One of the most dangerous consequences of COVID-19 is an overaggressive immune response known as a “cytokine storm,” which can damage lung and other tissues. Patients with cancer treated with immune-stimulating therapies such as immune checkpoint inhibitors, chimeric antigen receptor (CAR) T-cell therapies and bi-specific T-cell engagers (BiTEs) are at risk of complications if the immune response produced by these therapies results in an attack on normal, healthy tissue. Patients treated with CAR T-cell therapies and BiTEs, in particular, can develop a side effect known as cytokine release syndrome, which is similar to the cytokine storm in patients with COVID-19. Researchers have theorised that COVID-19 could exacerbate cytokine release syndrome in patients treated with certain immunotherapies, but studies have not definitely shown that this is happening, the new report states.

Despite these challenges, investigators found a variety of ways to adapt to straitened circumstances so trials could continue.
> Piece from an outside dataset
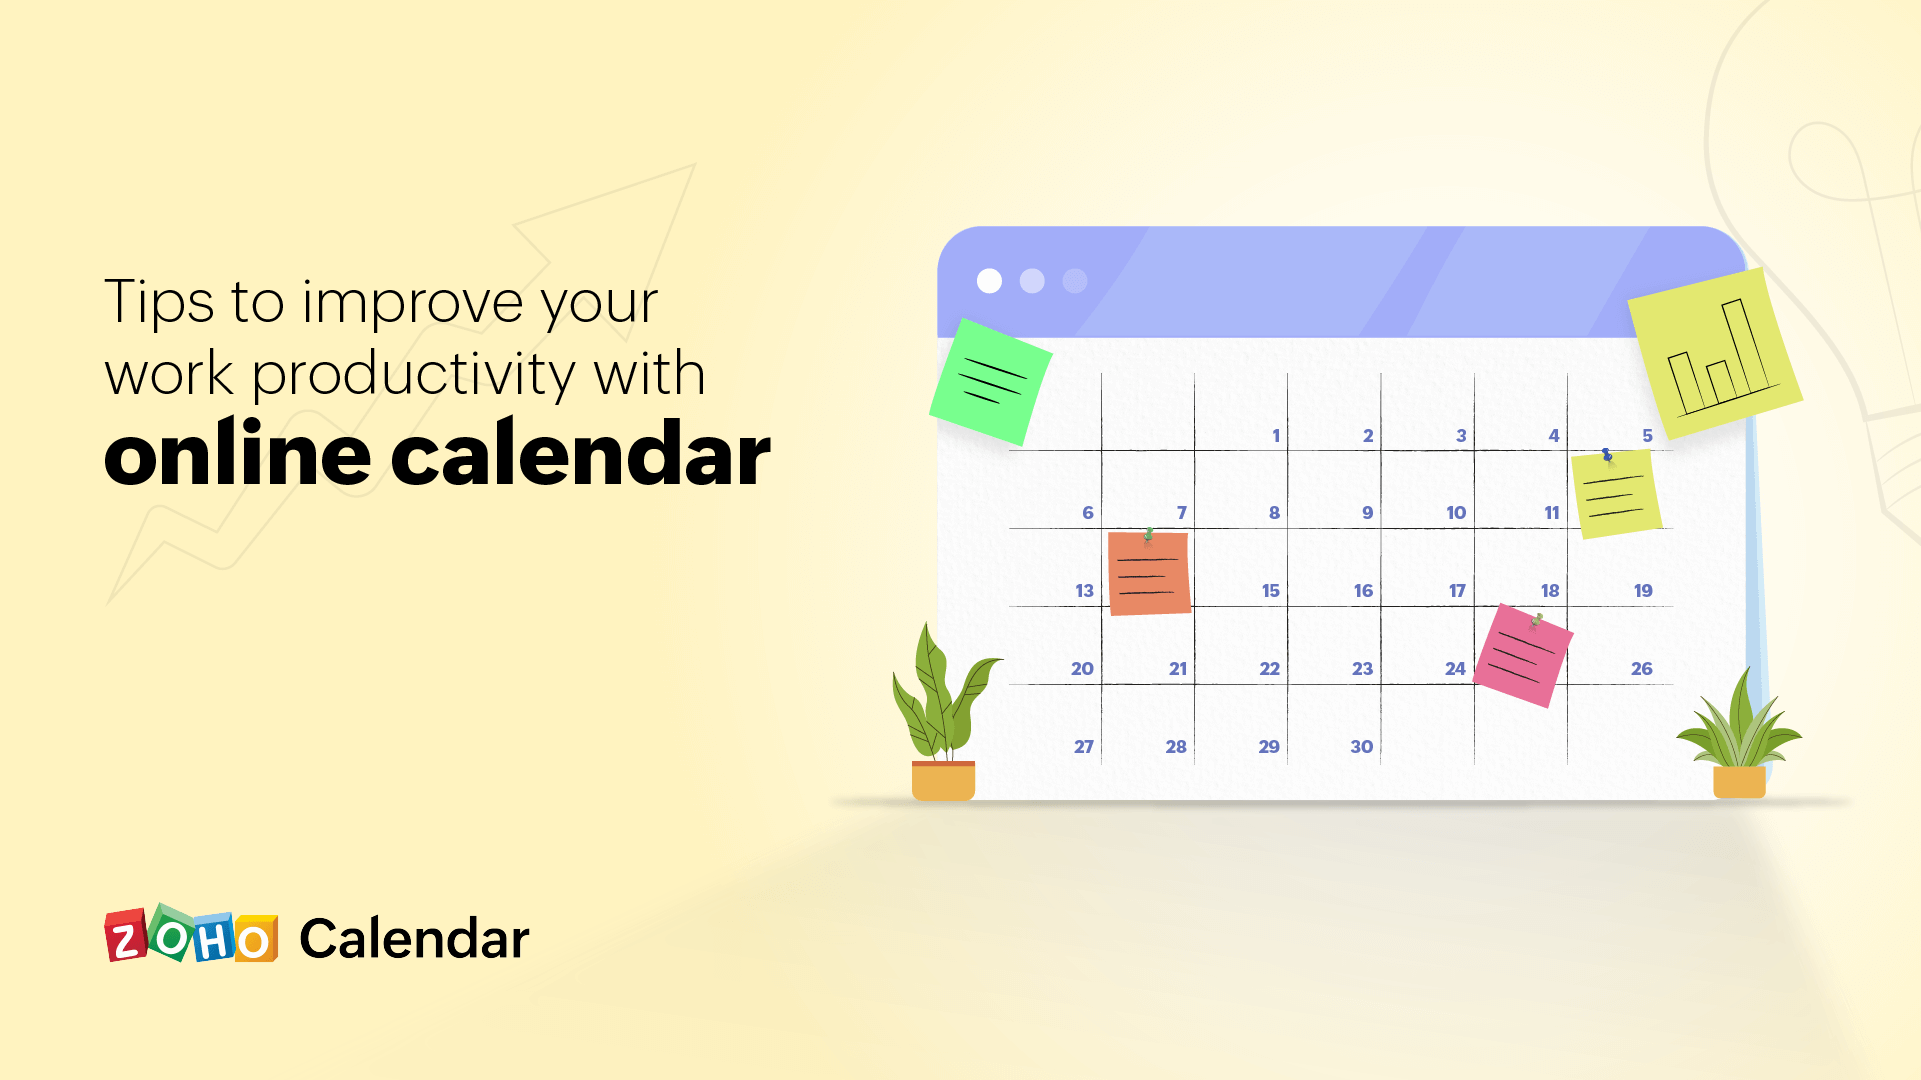 Tips to improve your work productivity with an online calendar 
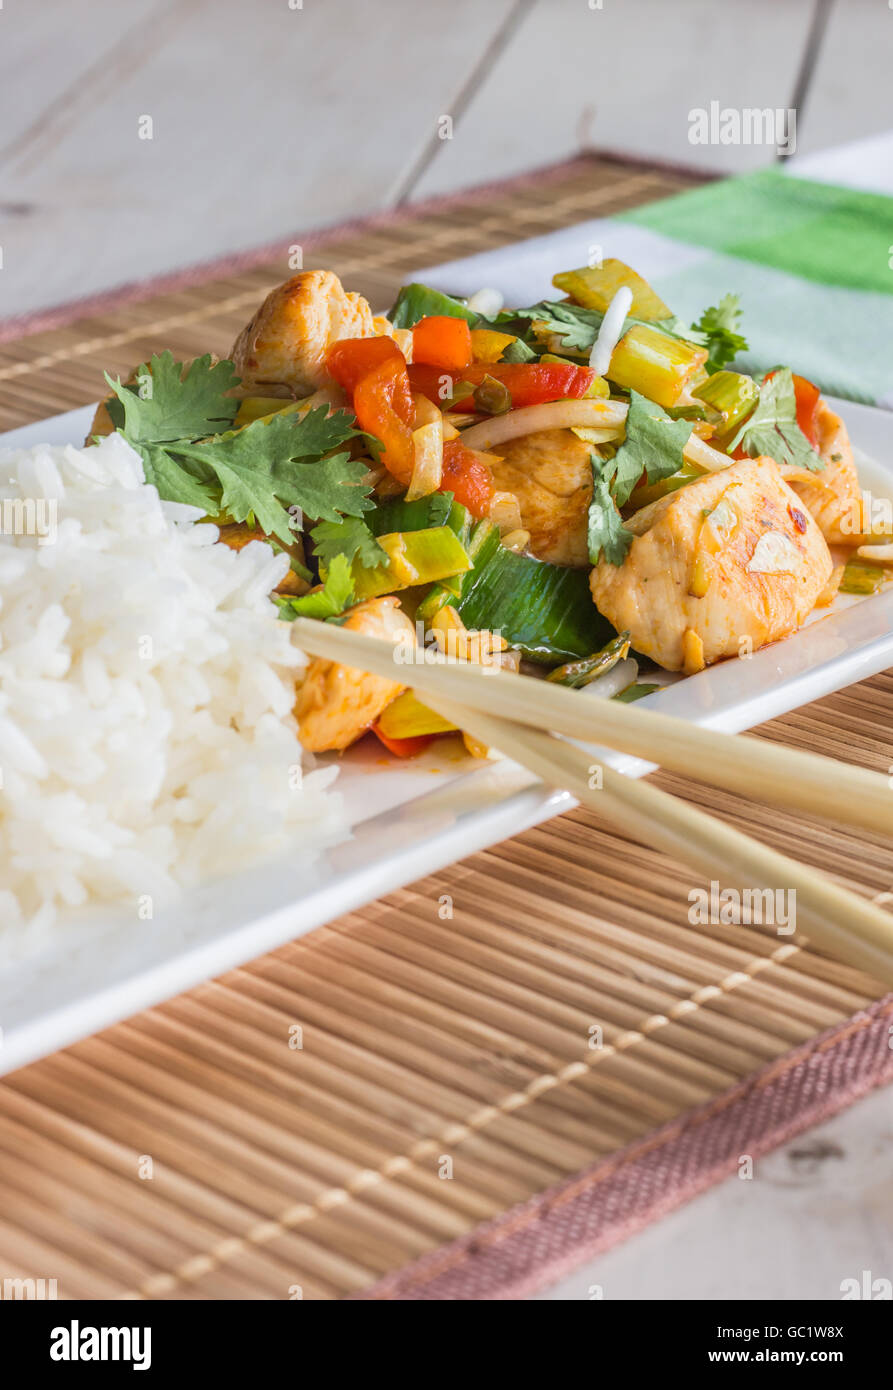 Asian dish with chicken, vegetables, cilantro and leek Stock Photo

These include leveraging telehealth to limit in-person visits, use of e-signatures for trial documentation, shipping oral medications to trial participants rather than requiring them to be picked up at the clinic, and allowing laboratory tests to be done at outside labs.

Established in 2000, World Cancer Day is held every 4th February and is the global uniting initiative led by UICC. By raising worldwide awareness, improving education and catalysing personal, collective and government action, supporters of World Cancer Day are working together to reimagine a world where millions of cancer deaths are prevented and access to life-saving cancer treatment and care is equal for all.

ALSO, new cancer cases have increased in the African Region from 338,000 cases reported in 2002 to almost 846,000 cases in 2020, over the past 20 years, according to WHO.

The organisation’s Regional Director for Africa, Dr. Matshidiso Moeti who disclosed this yesterday, stated that the rising cancer burden would place additional pressure on resource-constrained health systems and on patients and their families who incur heavy costs to access services.

She said: “The African Region bears the highest burden of cervical cancer among WHO regions, and the World Health Assembly’s adoption in 2020 of the Global strategy to accelerate the elimination of cervical cancer as a public health problem was of key relevance to African countries.

Moeti also noted that in many communities in African countries, people had limited access to cancer screening and early detection, diagnosis and treatment. For example, only about 30 per cent of African children diagnosed with cancer survive, compared to 80 per cent of children in high-income economies. Challenges in access to cancer care are further compounded in times of crisis, like the current COVID-19 pandemic.